A HALF-TRUTH IS THE WORST KIND OF LIE.



My ExAP (a MW) said a lot of horrible things about her BH.

I believed her.

 

I believed her when she texted me at one-twenty in the morning when she said, "I just punched (my BH) in the face maybe he'll finally break up with me".

I believed she wasn't going to have a happy relationship with him.

I believed she trusted me.

 

I thought that was the truth.

The truth is that the damage has been done between all of us. I ended up sleeping with her. I believed her love was true because she drove 55km one way to spend the night at my house. She was alone the whole way. She had time to think about what she was doing.

 

I believe and know she's using her husband still.

I believe and know she's a liar to herself.

These feelings are true because I believe them, and she ended lying to at least one person during this whole process.

 

I believe I took my feelings as far as humanly possible to resolve whether or not loving her matters.

I was and am in love with a woman who used me, used her husband, and still I care(d) about her.

However, if she came back into my life.

I am 99.99999~ sure I will shoot her down every-time.

Why? I'm not a second choice.

And if she decides to leave her husband, it's because she's dried him up like a well.

If she'll hurt him, what's stopping her from hurting me?

Did she take responsibility?

Or did she just feign weakness to cover her rear?

I would like to think she too the moral high-road after hurting everyone, but I don't think that's happened.

And frankly the truth is it's none of my business.

 

And even if she did, I'm not part of her life.

I offered my hand, she did not follow through with taking it.

I don't think she admitted she did wrong.

I think she lied to herself to keep the security and convenience, and replaced her miserable feelings in that relationship it with a high-speed-low-drag lifestyle to avoid herself.

 

At the end of the day, I took my feelings as far as humanly possible and reached one important conclusion: she is not with me.

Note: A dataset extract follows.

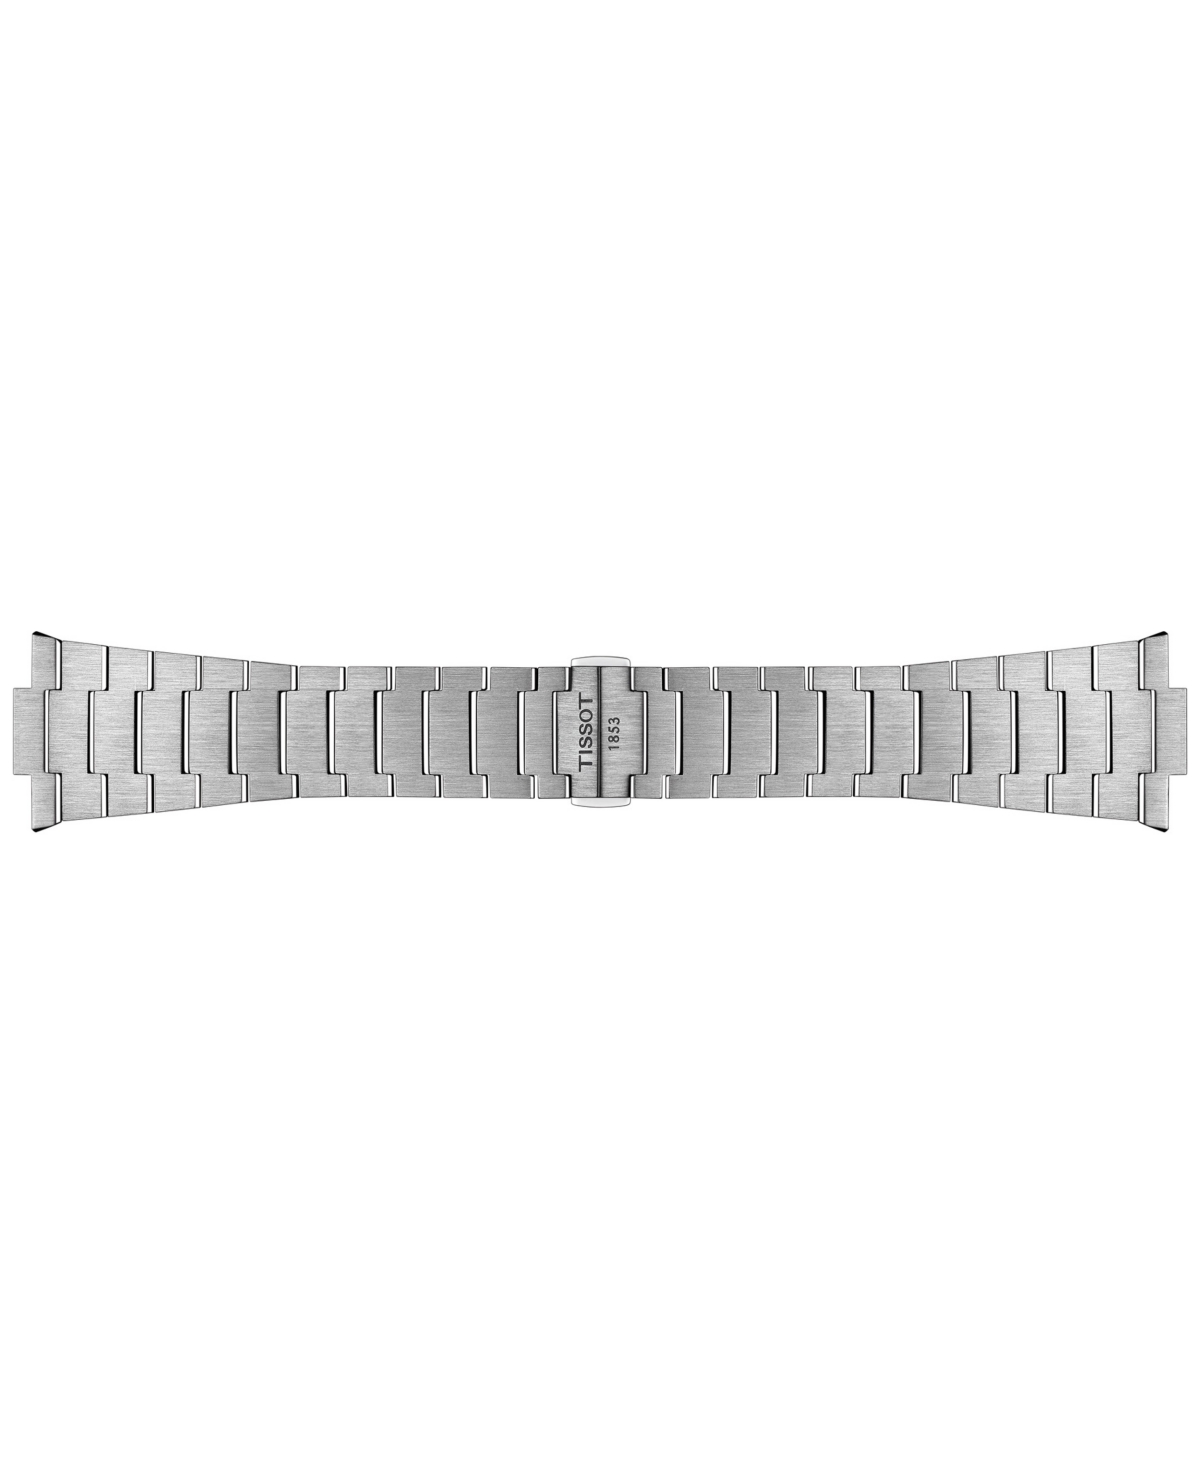 Shop Tissot Men's Swiss Prx Stainless Steel Bracelet Watch 40mm In Silver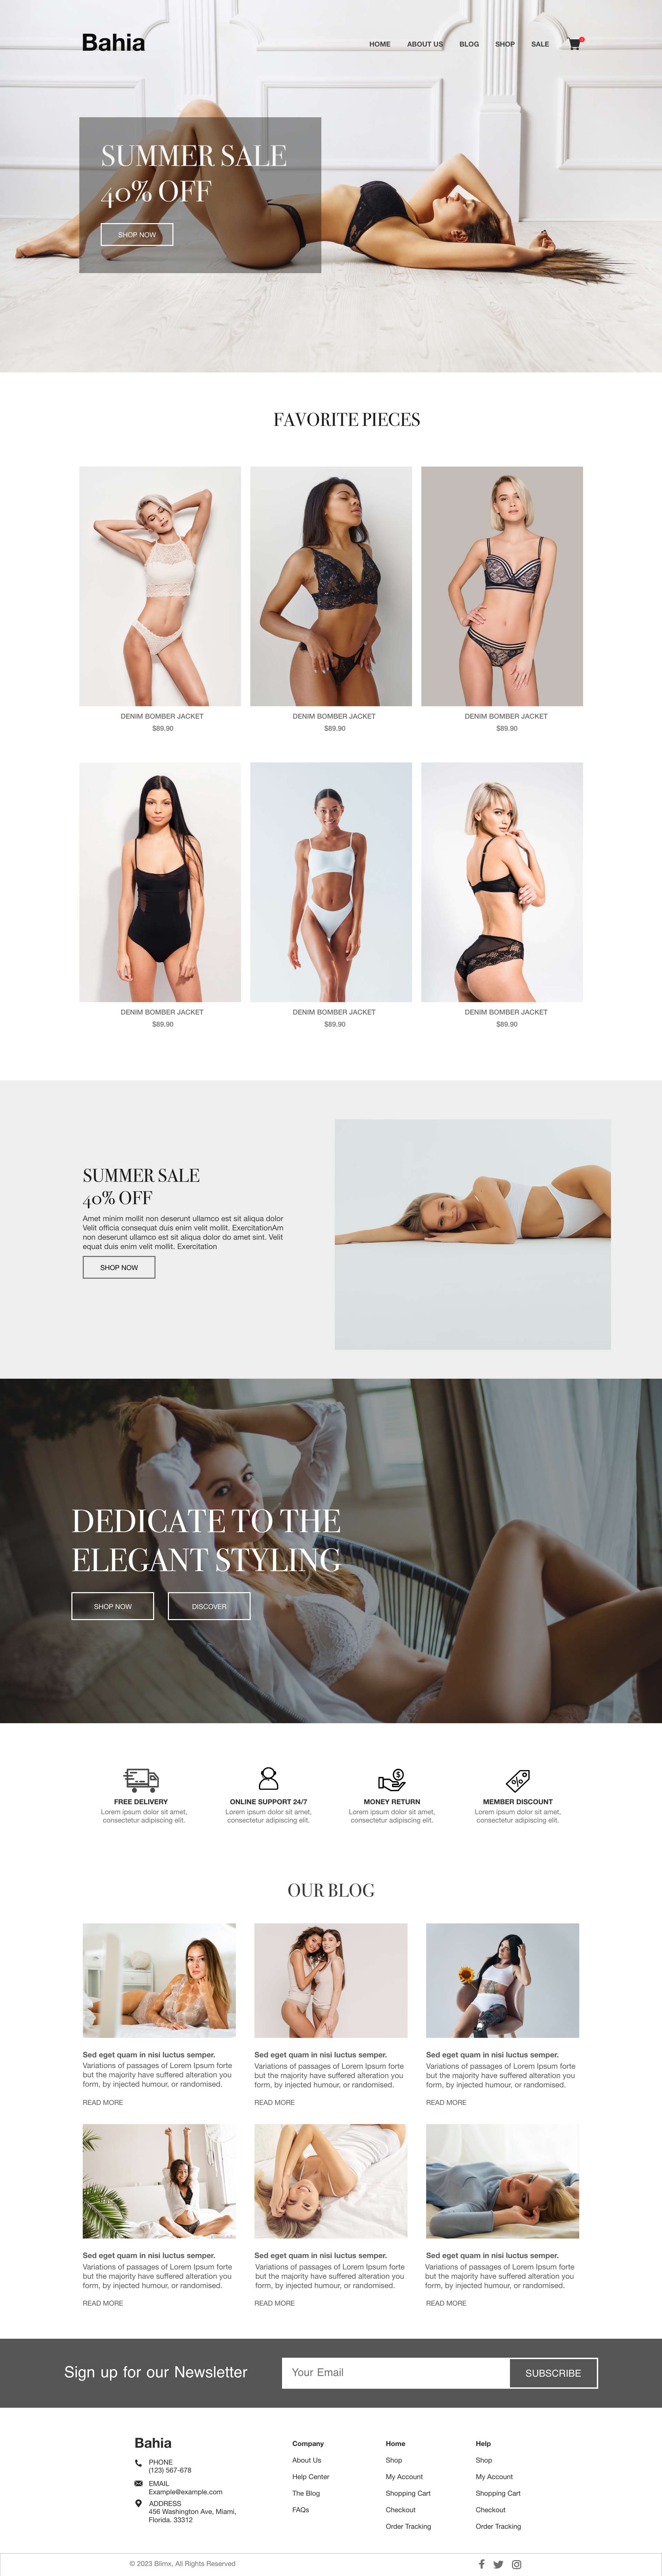 Women's Lingerie Website Design

And even if she comes back into my life, would she just leave it again?

How foolish do I want myself to be?

That's the truth of my situation.

 

Have I moved on? As much as possible.

I'm interested in other women, and expressed interest.

I am trying to invest my life into those potential women out there.

That's the truth.

Because the truth I was told was that I was her best friend and better to her than her husband.

And that she wanted me more or both of us.

I don't negotiate with sparrows, regardless that the meek shall inherit the earth.

Again, she's not here. That's true.

If she came to me, the damage was done. That's true.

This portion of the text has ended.